**Assignment**
All the data below goes into the copy word for word, but the pictures don't.

[Data extract — start]

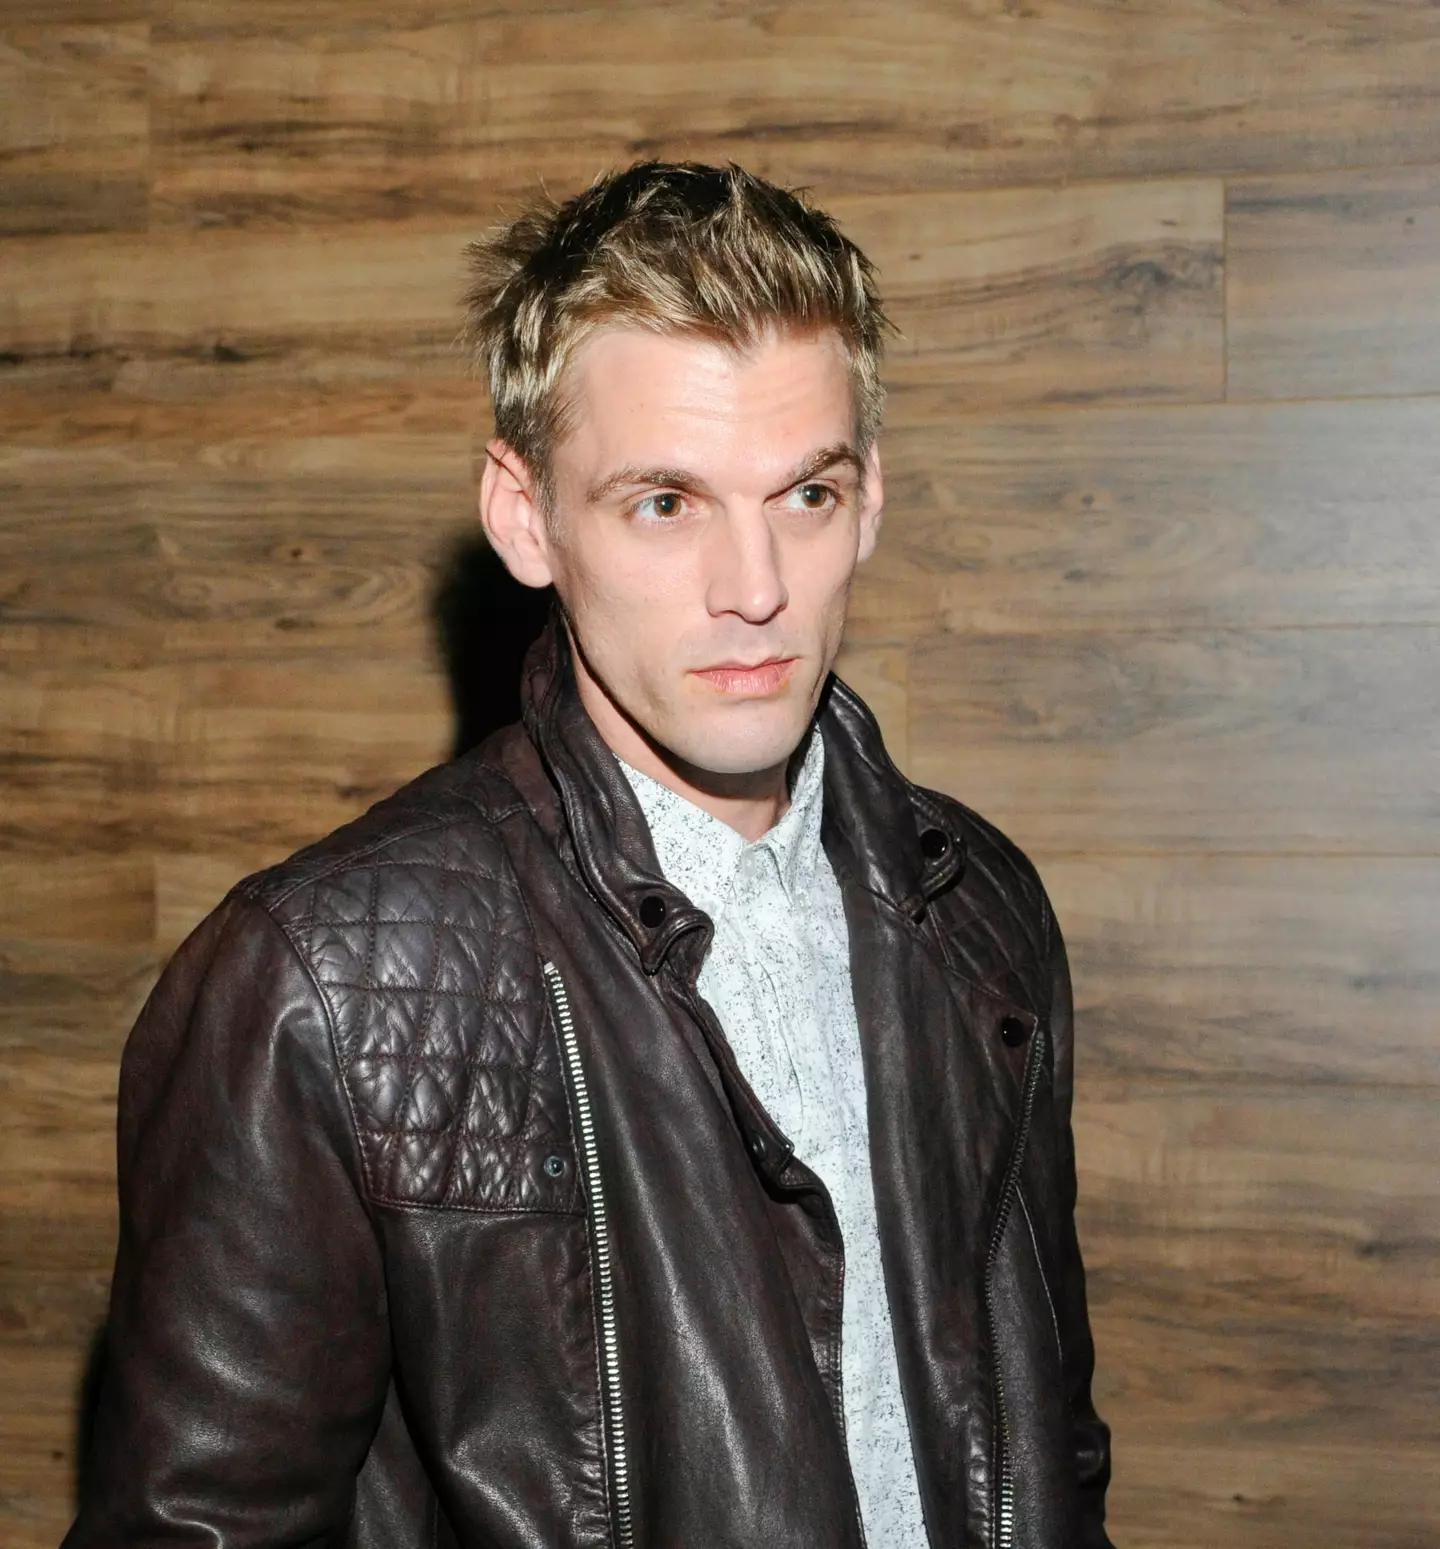 Aaron Carter has revealed he’s attending a rehab program in the hopes of regaining custody of his nine-month-old son.
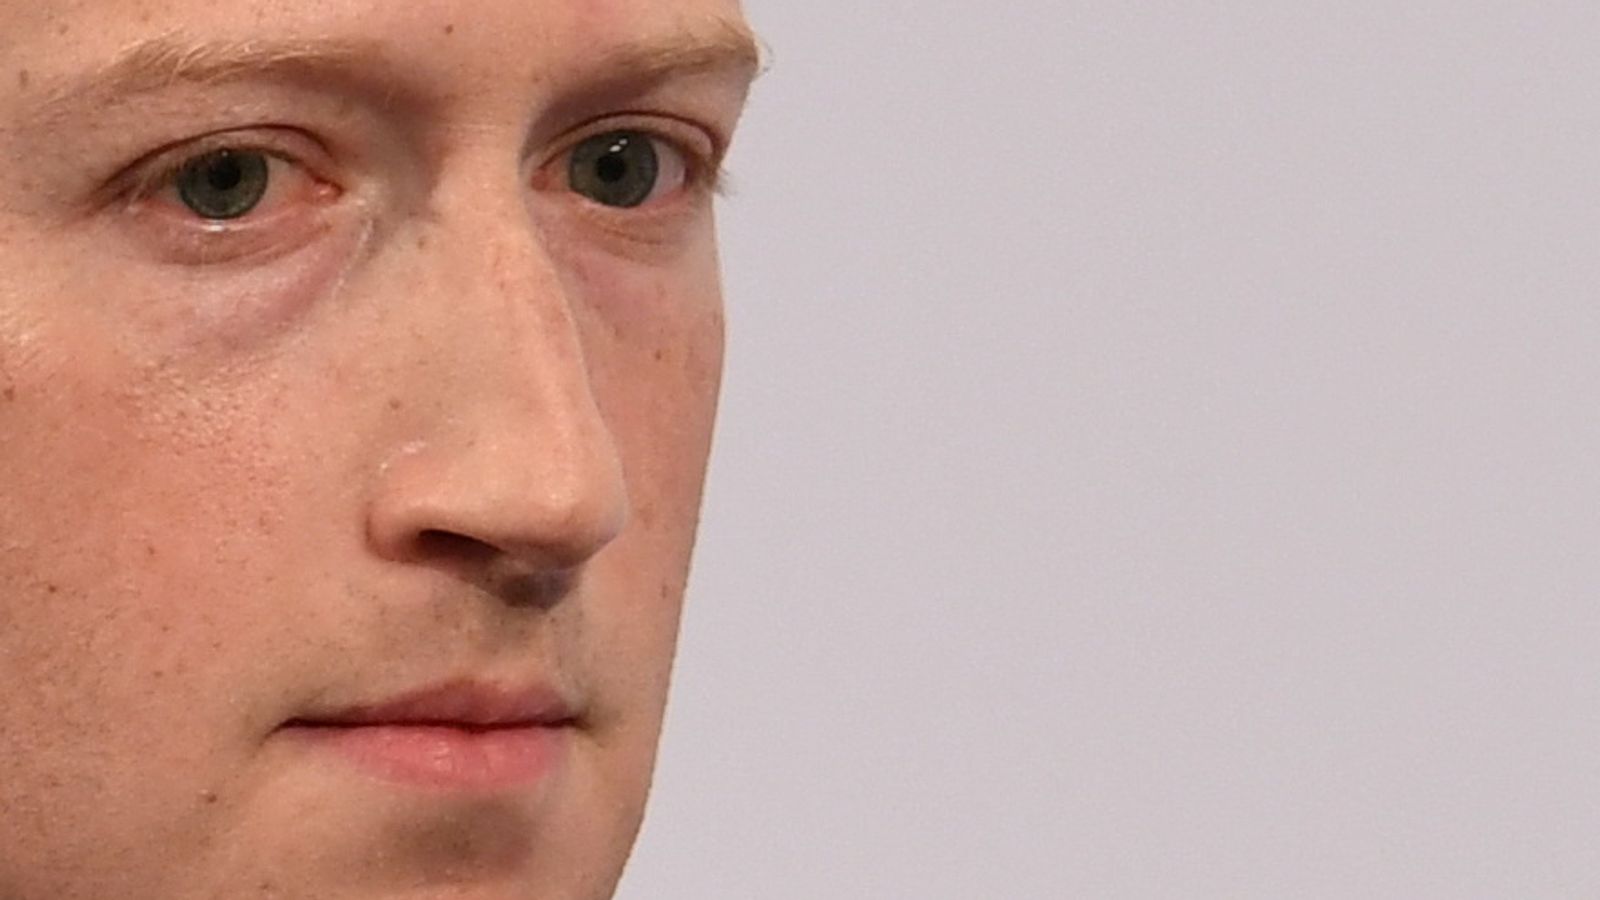 Facebook hit by election interference content '10 years before Zuckerberg acknowledged it'
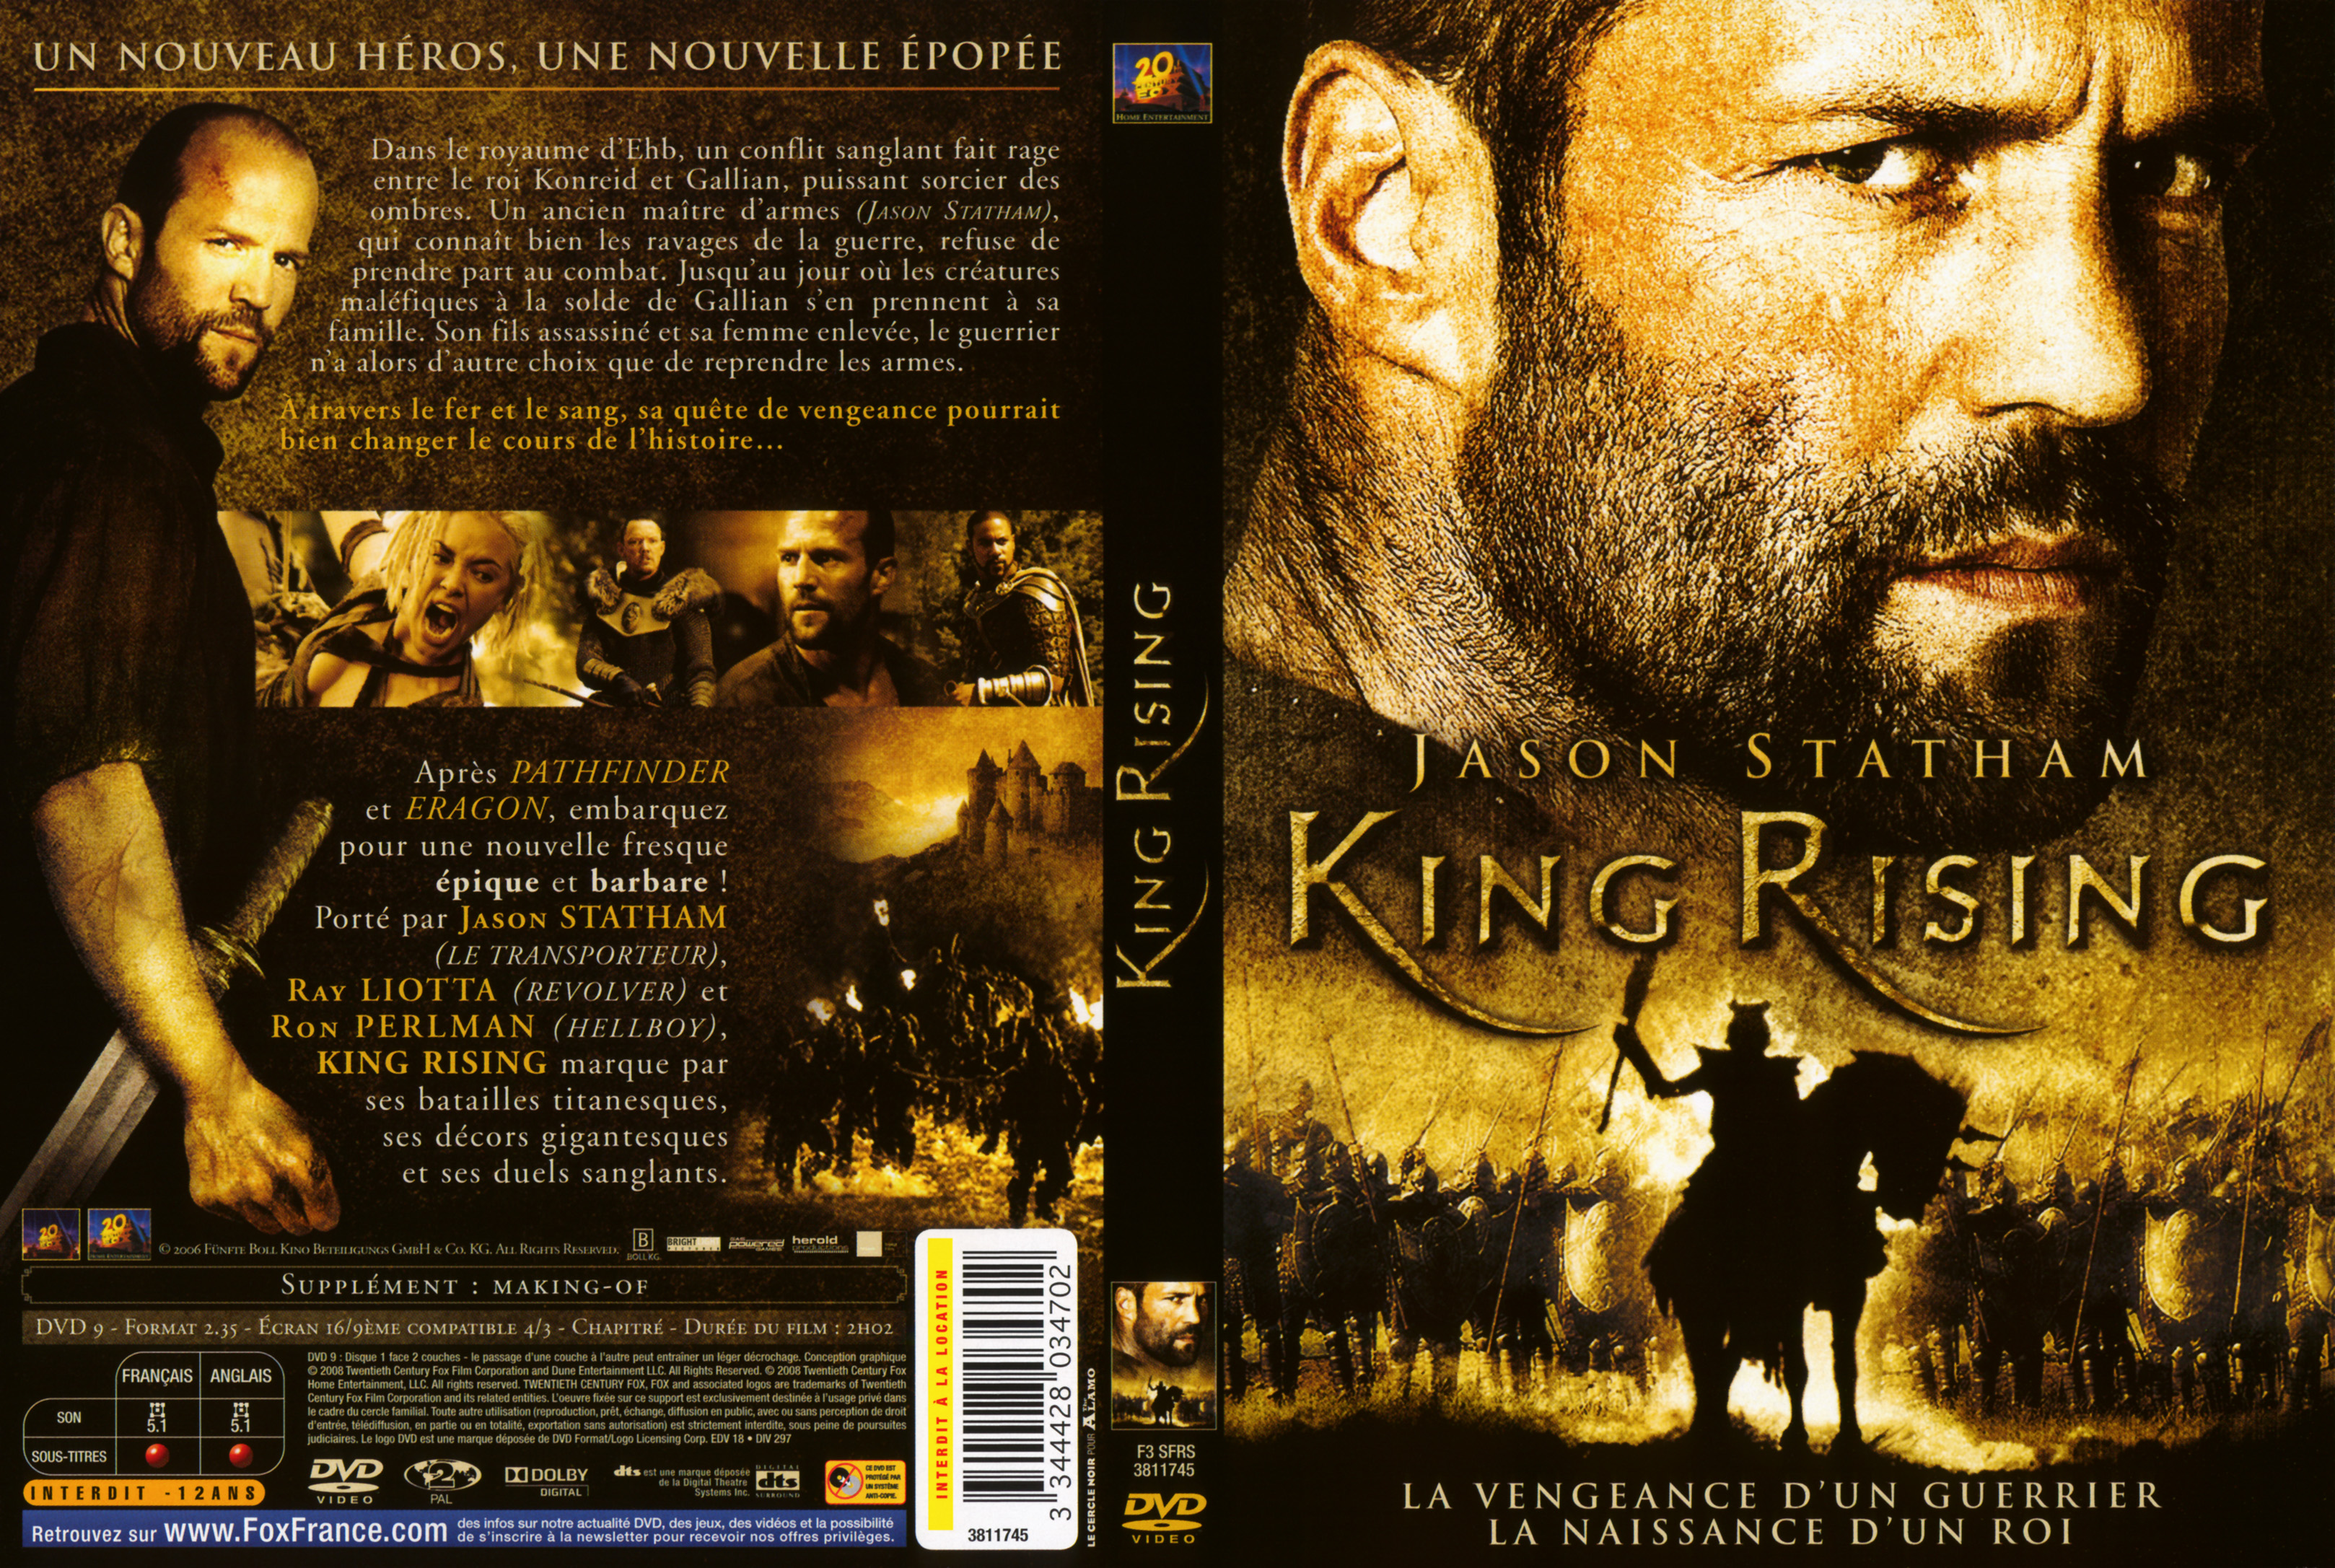 Jaquette DVD King Rising
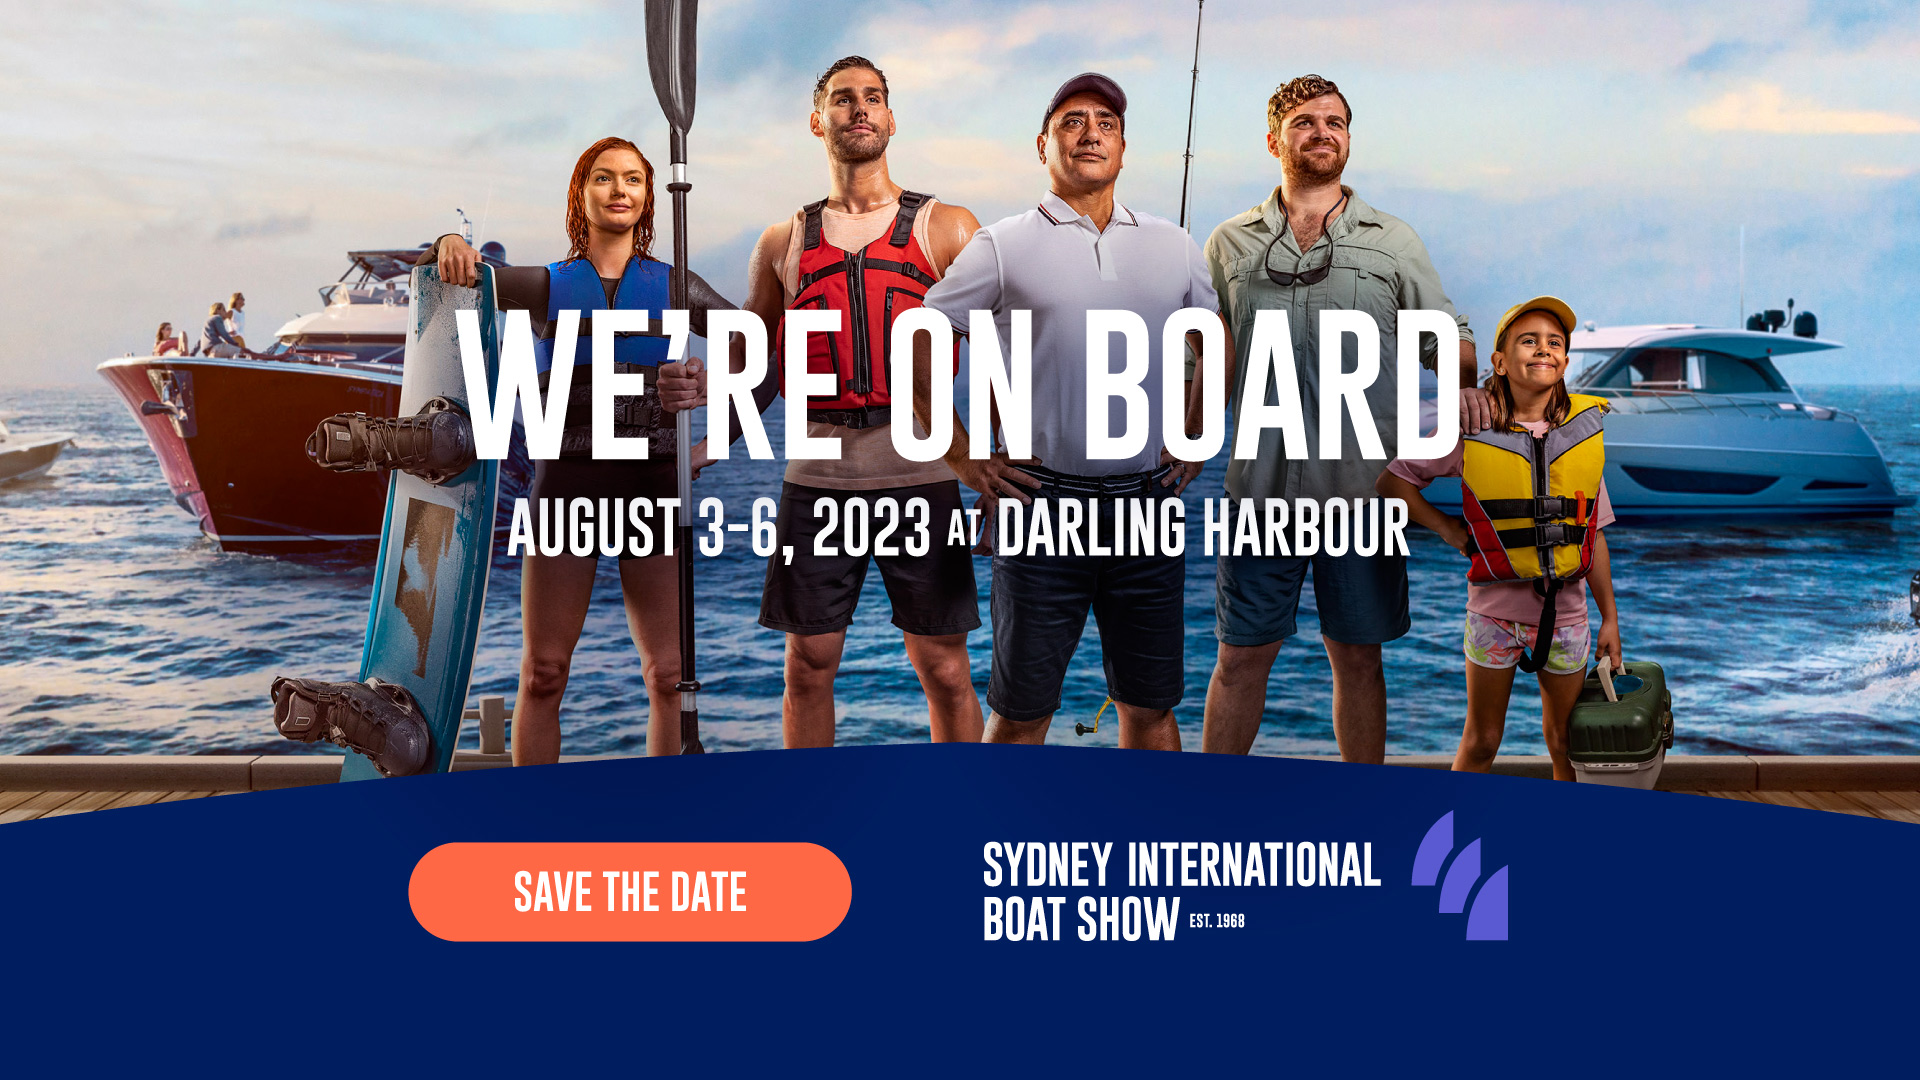 The official poster of the Sydney International Boat Show

[Data extract — finish]

**Exercise response**
 Aaron Carter has revealed he’s attending a rehab program in the hopes of regaining custody of his nine-month-old son.
 Facebook hit by election interference content '10 years before Zuckerberg acknowledged it'
 Jaquette DVD King Rising
 The official poster of the Sydney International Boat Show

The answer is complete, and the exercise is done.